Nicotine activates α7-nAChR and downregulates the levels of miR-133 and miR-590 leading to significant upregulation of expression of TGF-β1 and TGF-βRII at the protein level establishing miR-133 and miR-590 as repressors of TGF-β1 and TGF-βRII.

miR-133 enhances myoblast proliferation by repressing serum response factor (SRF)

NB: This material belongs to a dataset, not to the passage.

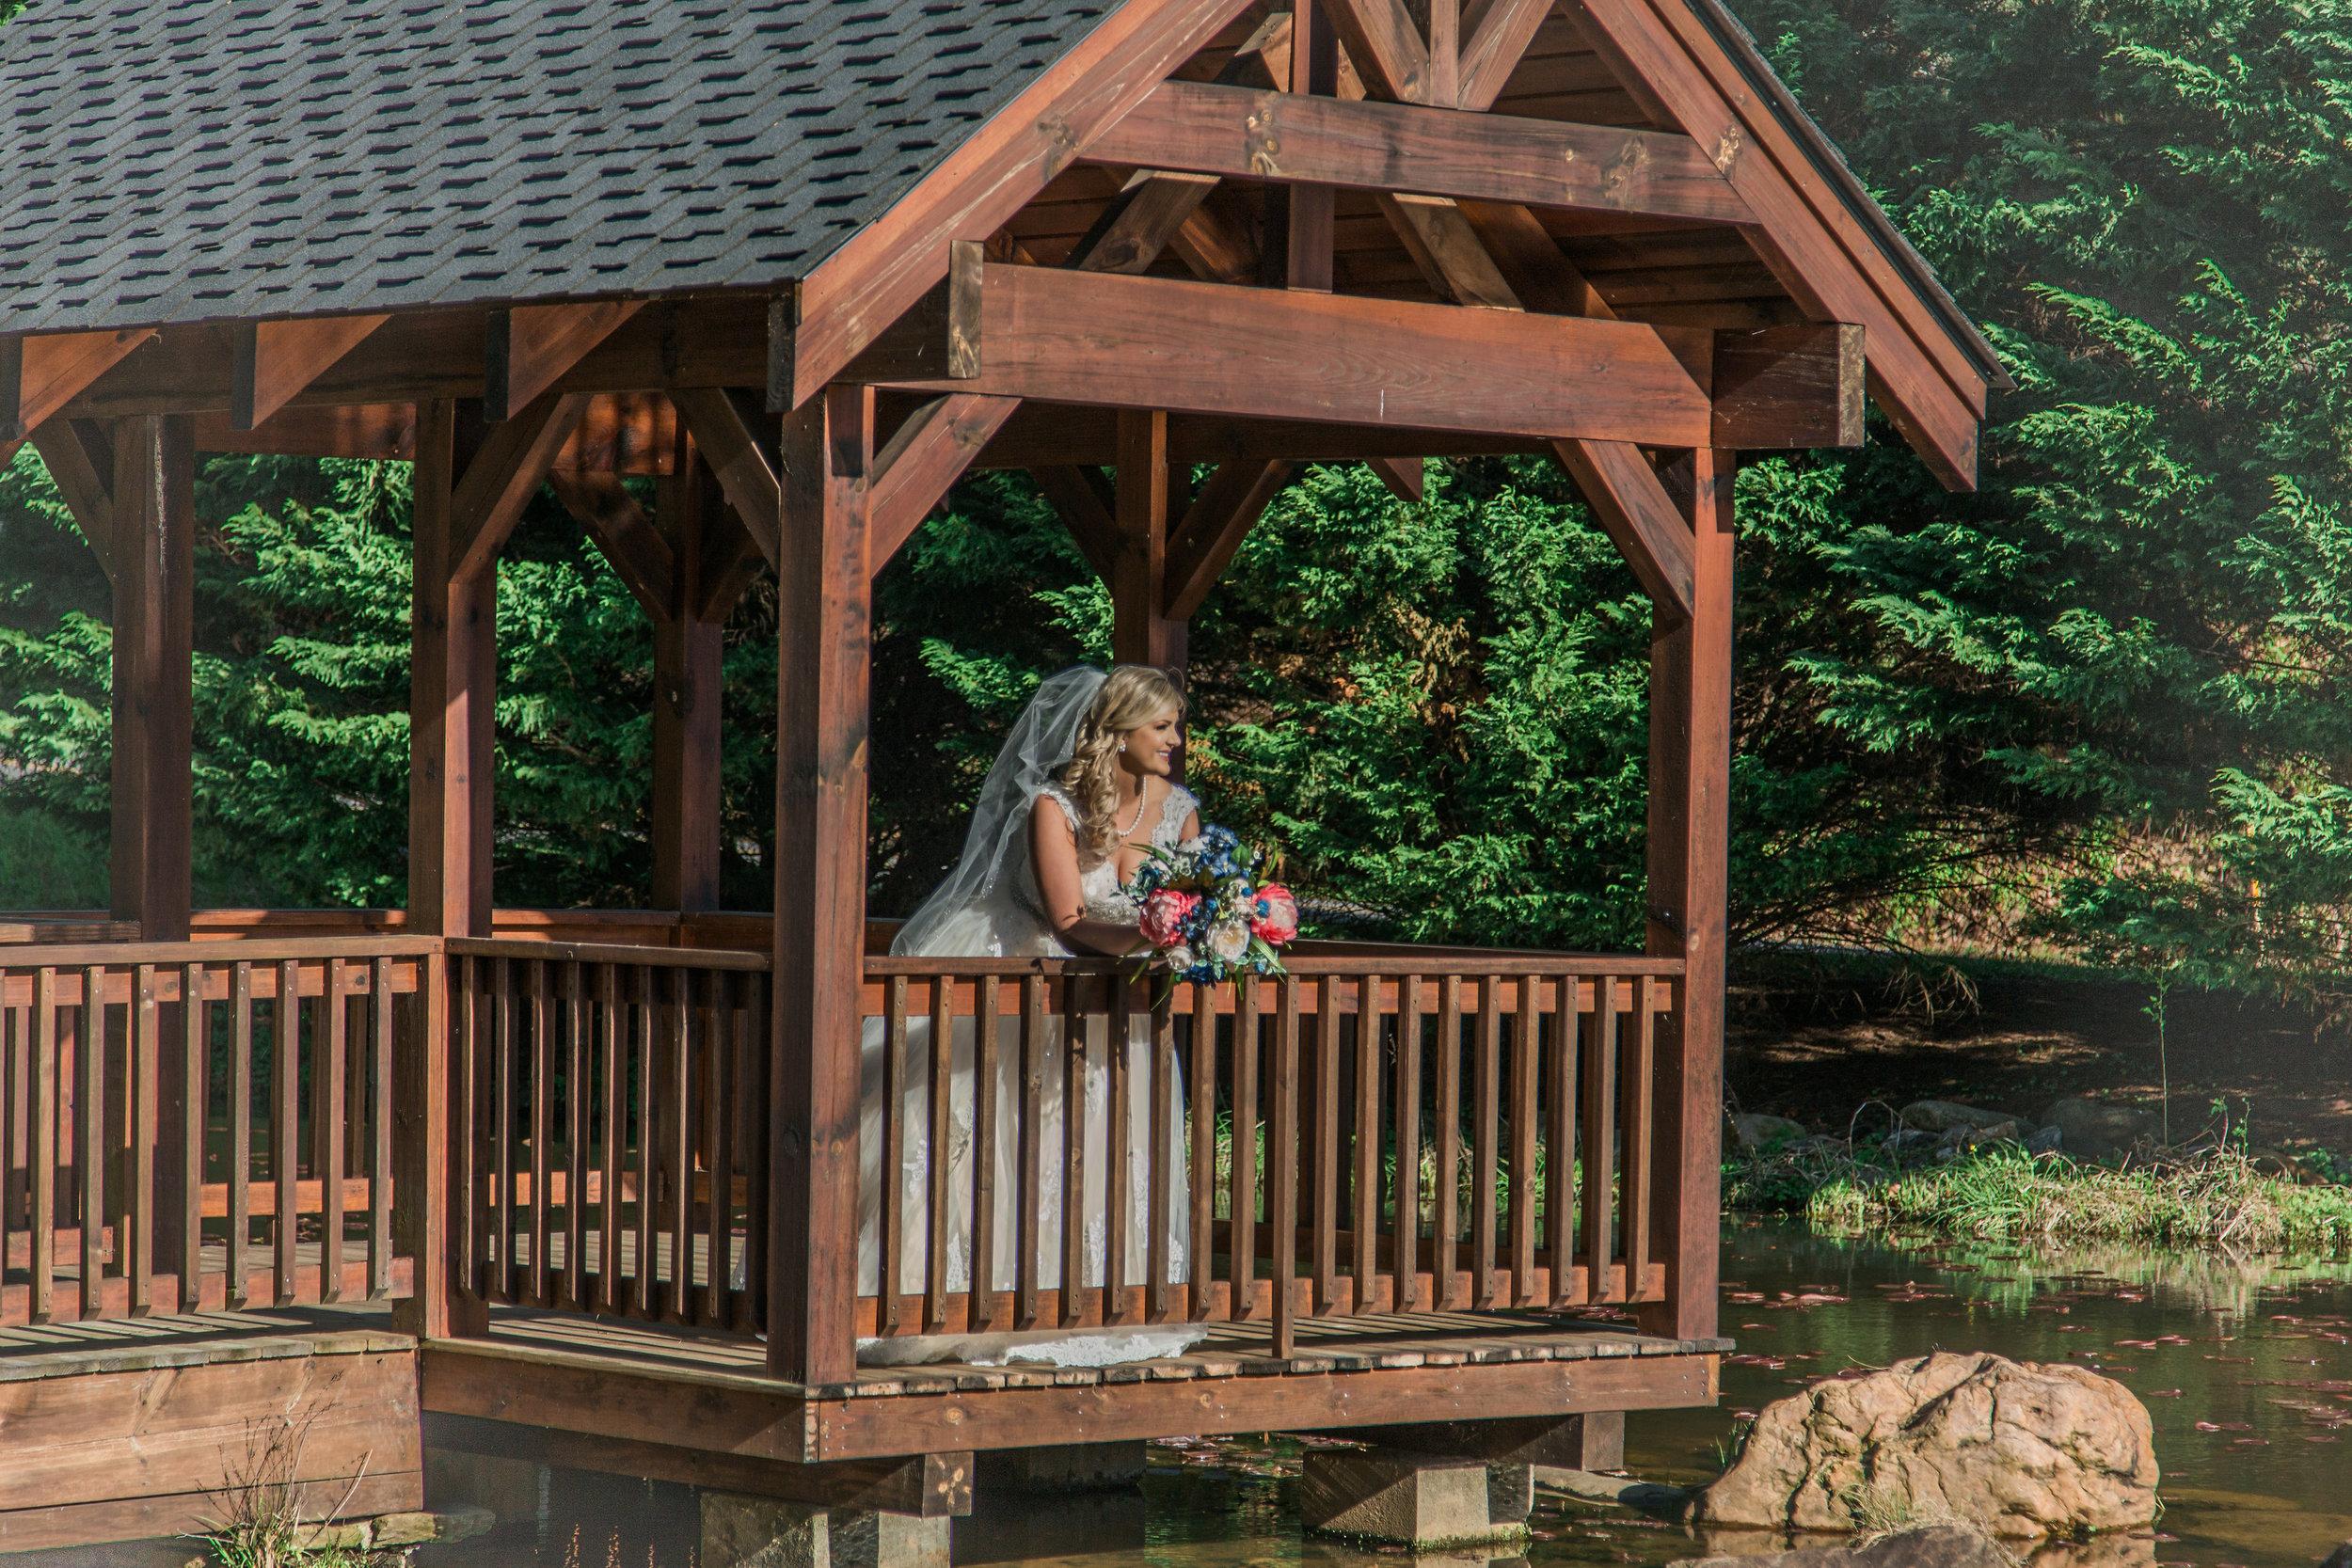 Honeysuckle-Hill-Asheville-Wedding-Venue-Ann-Cordell-Bridal-103.JPG

mIR-133 suppresses SP1 expression

In rats, miR-133b is expressed in retinal dopaminergicamacrine cell, and this expression is significantly increased during early stage during retinal degeneration. This overexpression leads to downregulation of the transcription factor PITX3.
miR-133a is down regulated in diabetic cardiomyopathy.

miR-133 suppresses Prdm16 expression in skeletal muscle stem cells (satellite cells), which controls myogenic vs. brown adipogenic lineage determination in these cells.